The xmeRSA genes encode for resistance to these antimicrobials without an apparent designated efflux gene or outer membrane protein. CzcA has also demonstrated this feature in efflux of zinc alone (Goldberg et al., 1999). Homologues of smeBC of S. maltophilia were not identified up- or downstream of xmeRSA; however, they are possibly located elsewhere on the chromosome.
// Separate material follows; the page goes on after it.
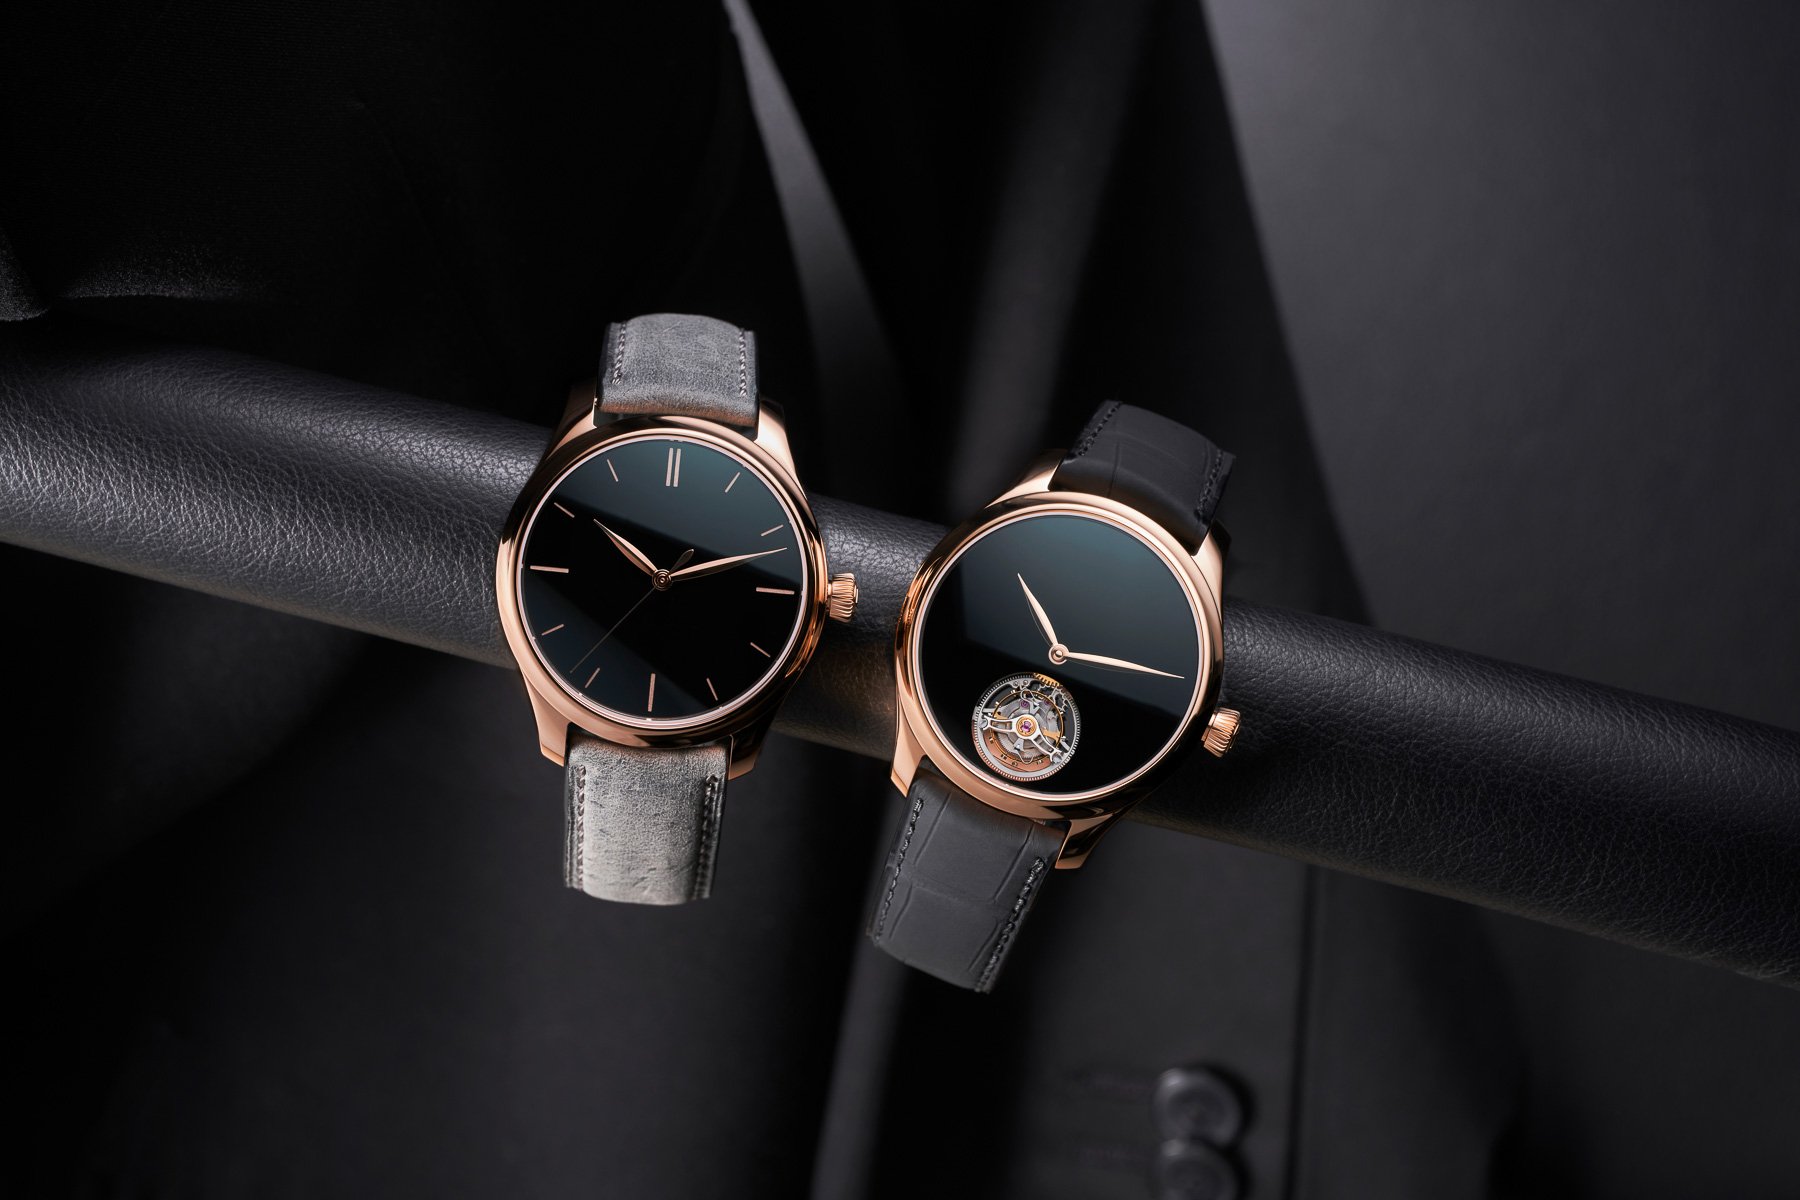 H. Moser & Cie. Unveils Two New Endeavour Vantablack Models ? The Dark Side Looks Tempting All Over Again

Heavy metal-polluted environments have been shown to provide a strong selective pressure for heavy metal resistance determinant transfer within soil systems (Hausner & Wuertz, 1999; Ryan et al., 2005). The possibility of the transfer, integration and subsequent expression of the xmeRSA genes from a donor strain to Xanthomonas IG-8 is highly plausible following bioinformatic analysis of the X. campestris genome (AE012131), the identification of a possible insertion point (Fig. 3) and codon usage analysis.

The precise role of the xmeA gene and its relationship with xmeRS activity is yet to be determined. Elucidating the structures of the proteins and defining the interactions between them is the subject of future studies.


We thank Dr James McInerney for his valuable discussions during the study on the codon usage data. This work was funded in part by the Technological Sector Research Strand I and 3 programmes, the HEA PRTLI programme, SF1 BRG programme, EU QLK3-CT-2001-00101 and the DAF Stimulus programme.